■ Stored data ■
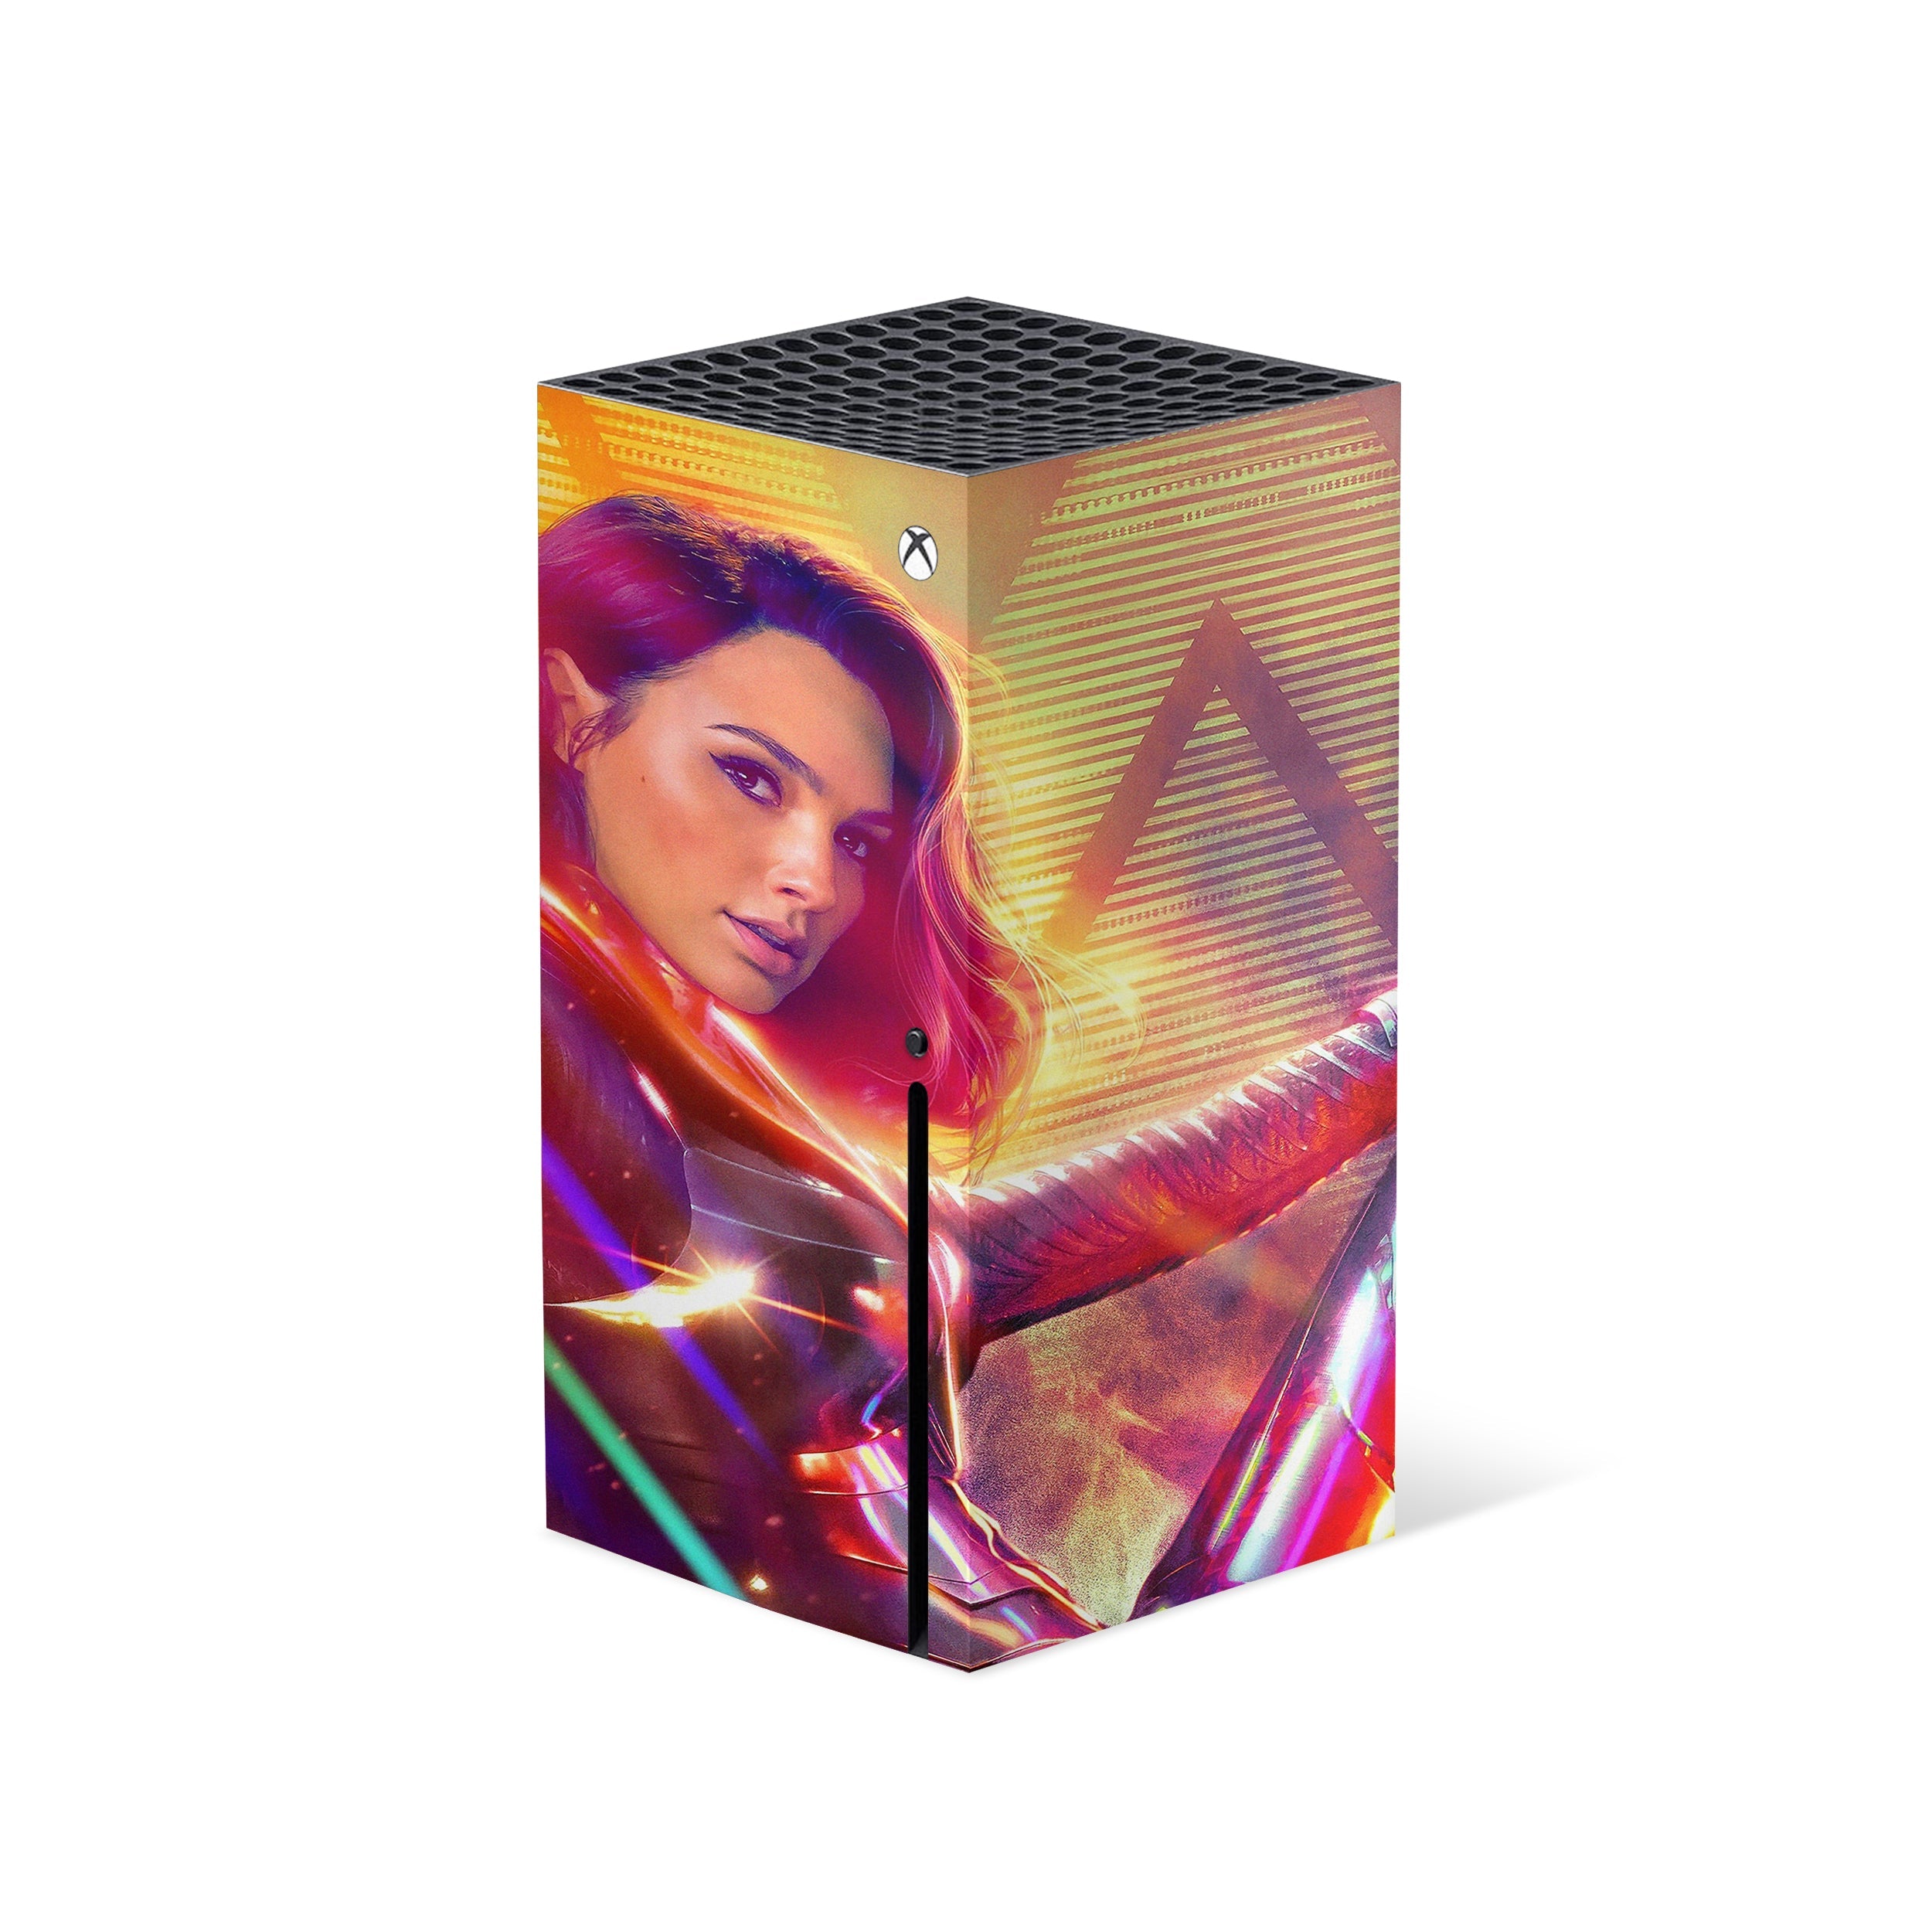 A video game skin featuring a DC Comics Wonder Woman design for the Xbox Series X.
==
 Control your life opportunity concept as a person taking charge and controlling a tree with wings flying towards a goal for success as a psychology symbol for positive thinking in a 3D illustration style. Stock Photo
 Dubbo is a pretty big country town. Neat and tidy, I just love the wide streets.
---
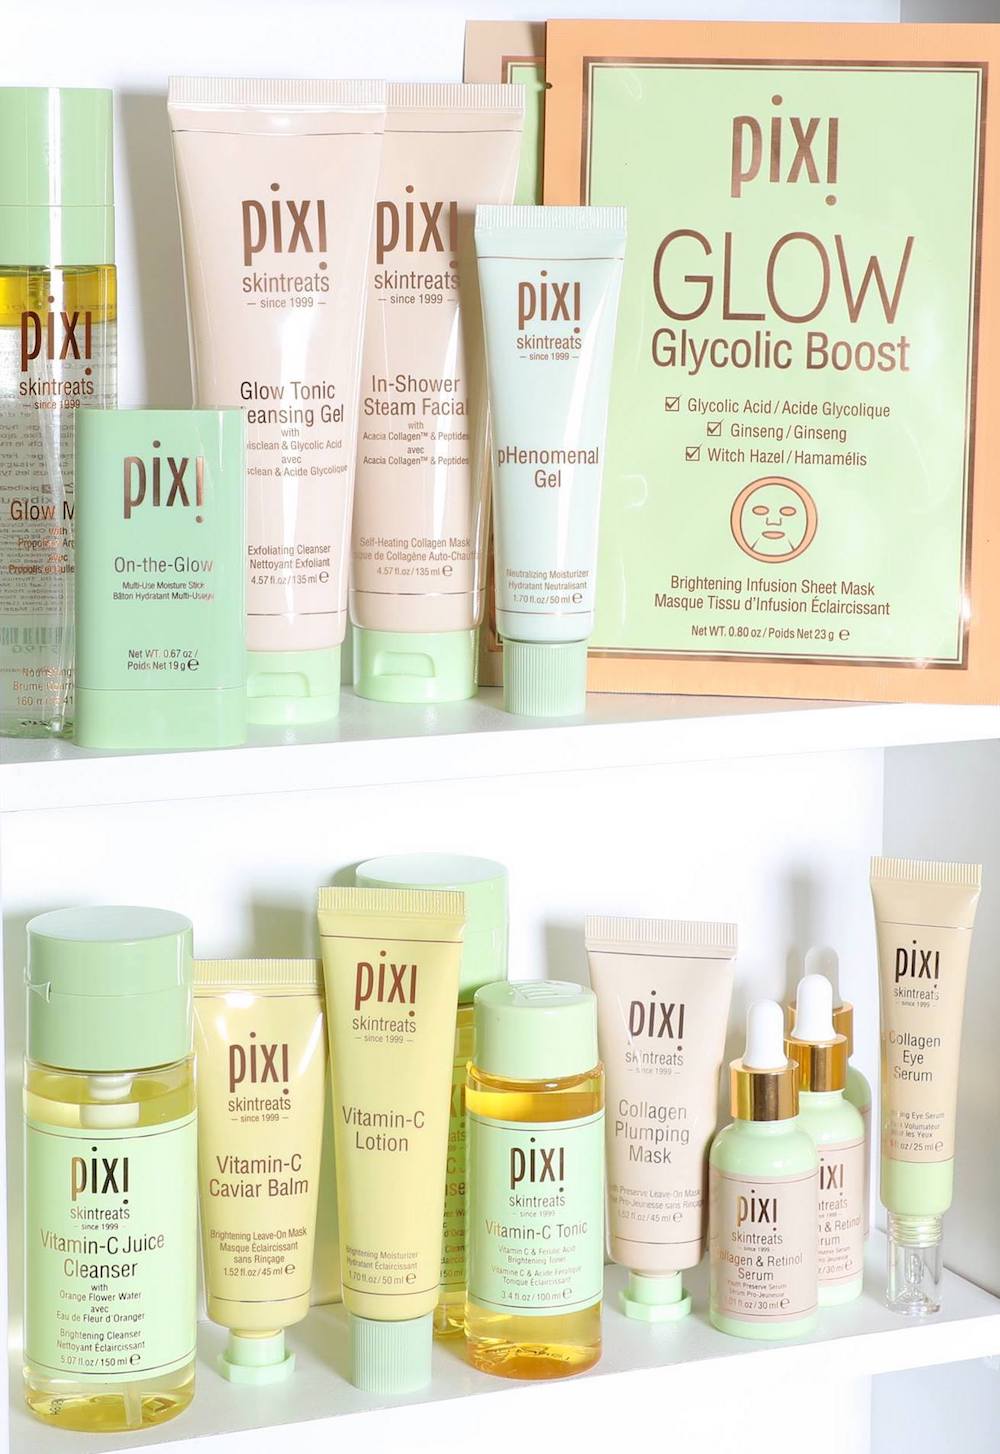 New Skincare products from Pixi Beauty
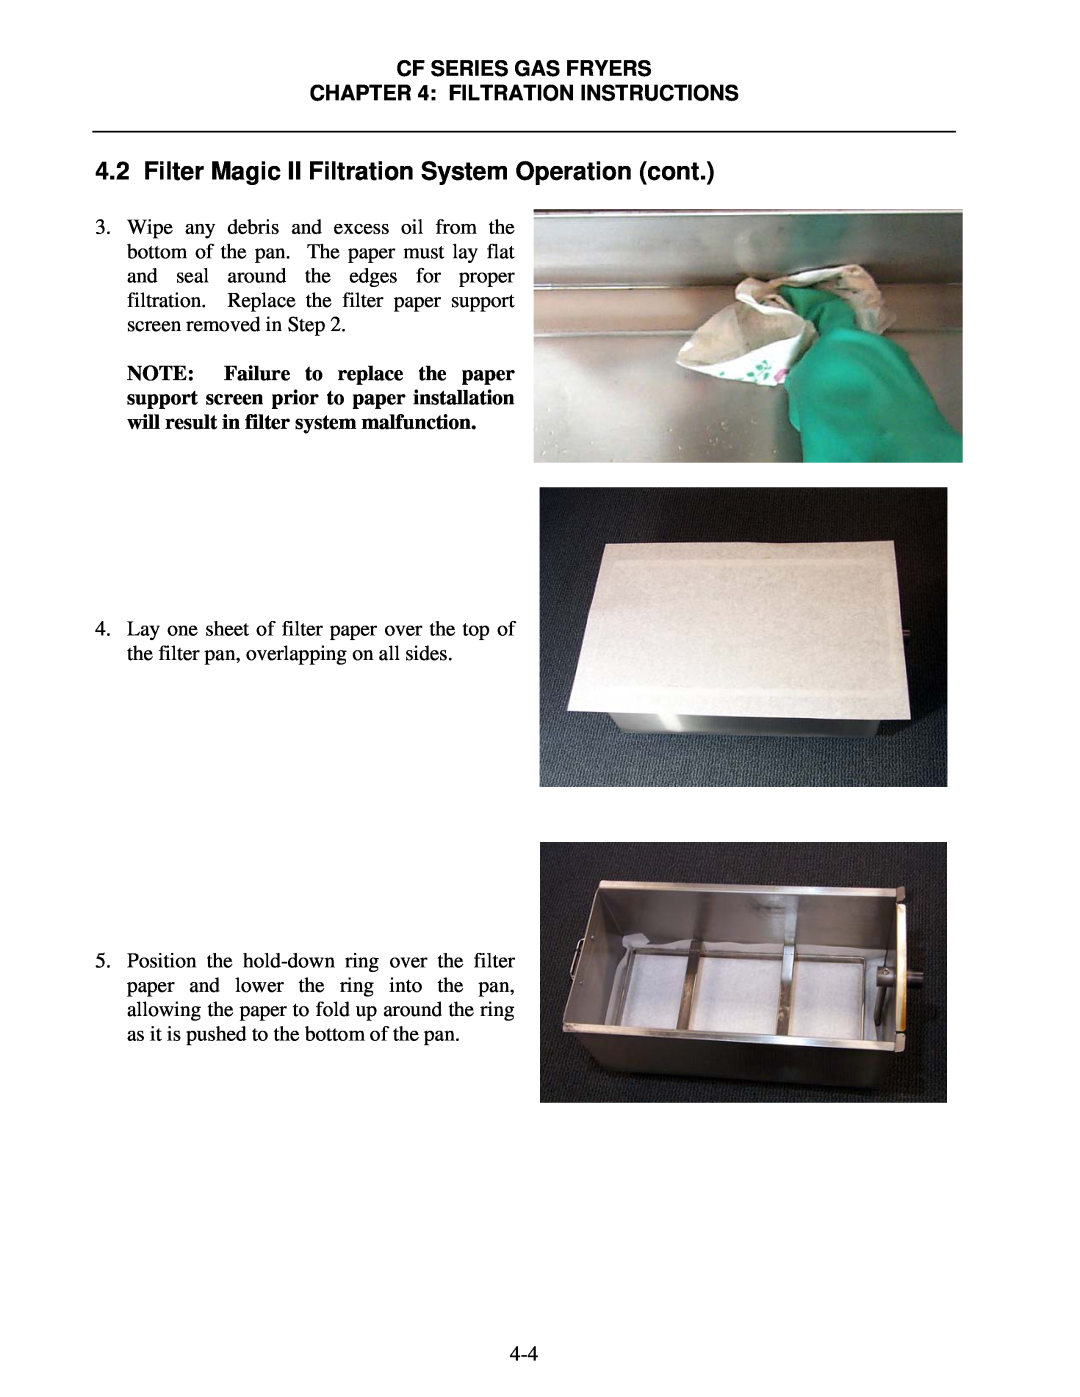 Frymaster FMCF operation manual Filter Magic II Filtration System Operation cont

■ Action item ■
Set down exactly the lines of the data above, beginning with the line that has "Control your life" and ending with the line that has "Dubbo is a pretty", and no others.

■ Result of this task ■
 Control your life opportunity concept as a person taking charge and controlling a tree with wings flying towards a goal for success as a psychology symbol for positive thinking in a 3D illustration style. Stock Photo
 Dubbo is a pretty big country town. Neat and tidy, I just love the wide streets.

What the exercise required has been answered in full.